Carter does not stint in her analysis of the effect of teachers like Howard Pyle, Robert Henri, and Thomas Eakins on that era’s revolutionary advances in women’s access to artistic training, but she gives equal emphasis to the ways in which a community of other women facilitates long-term artistic endeavors. As Carter claims, “The greatest handicap facing every woman artist was exclusion from the fraternity of male artists, where ideas and philosophies were exchanged and the camaraderie and energetic synergy necessary to sustain a lifetime of creative production was fostered” (16). Many of the societal strictures faced by Smith, Green, and Oakley are obsolete, but marginalization within the artistic canon remains a significant factor.

The most recognizable twentieth-century artwork in this vein is either that of the Guerrilla Girls or The Dinner Party by Judy Chicago. Both approach advocacy through education. Chicago’s Dinner Party functions as a signal booster to significant but under-appreciated women in history. The Guerrilla Girls’ consciousness-raising efforts could be called a decades-long performance artwork. Chicago addresses the lack of gender parity in history by attempting to fill it.  The Guerrilla Girls expose its ridiculousness.

My Toying with History series follows a similar logic. Like Chicago’s installation, my dolls present the results of research that may not be universally familiar to viewers. The coherence of the whole depends on hedging this bet: by referring to an array of political, historical, and artistic icons, I increase the likelihood that each viewer will recognize at least some of the references. After that, the rest should become comprehensible.

My paintings echo the consistently snarky tone of the Guerrilla Girls more than the eulogistic Dinner Party. Like the Guerrilla Girls, these costumes assert that important truths can be conveyed through sarcasm. The ways in which they maintain their anonymity—a combination of pseudonyms and gorilla masks—sounds in description like a ridiculous jumble of metaphors. In fact, the Guerrilla Girls’ use of multiple layers of pretense enables them to speak bold truths in memorable ways. Adopting the names of women from art history as pseudonyms is a way of raising awareness of women’s contributions to the field. Going so far as to actually dress like their eponymous artists would tip the balance from consciousness-raising to historical recreation. Even the gorilla masks are similarly nuanced: they attract attention while maintaining anonymity and defying gender expectations. This sarcastic facade is a consistent aspect of their work. Anonymity is poignant when the topic is systematic marginalization in the arts.

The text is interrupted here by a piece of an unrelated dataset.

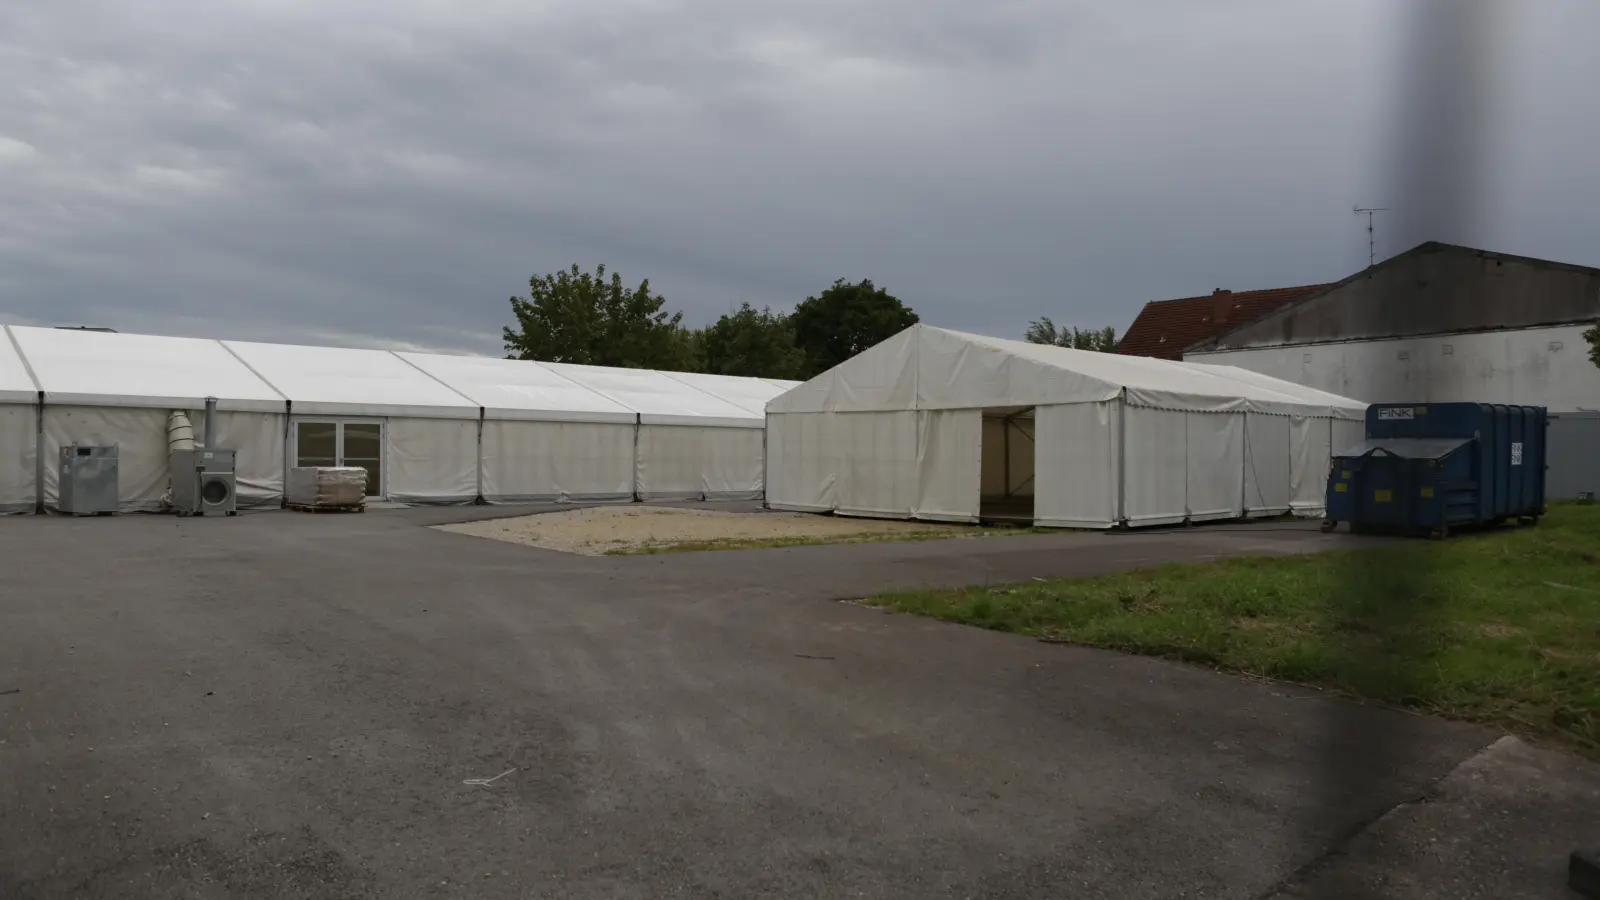 <b>Wo sich Bürger</b> des Landkreises Dachau 2022 noch auf das Coronavirus SARS-CoV-2 testen lassen konnten, stehen jetzt Zelte für Geflüchtete. Derzeit sind sie noch leer. Der Landkreis nutzt die Liegenschaft an der Heinrich-Lanz-Straße in Indersdorf als Puffer. (Foto: Bastian Brummer)

Anon...was often a woman (and details)
Fig. 2. Anon…was often a woman (and details). Watercolor. 45” x 66”. 2014.

The Guerrilla Girls organized in 1985 in response to blatant inequity in the art world, and the message remains the same: women and men are not represented in equal numbers. Half the population continues to be massively underrepresented in politics, literature, film, and art. This is an old tradition of omission. As Virginia Woolf quipped, “Indeed, I would venture to guess that Anon, who wrote so many poems without signing them, was often a woman” (49). We should certainly seek equitable gender representation in politics and the arts, but it would be a mistake to ever confuse tokenism with equality. These quantifiable approaches are only a beginning.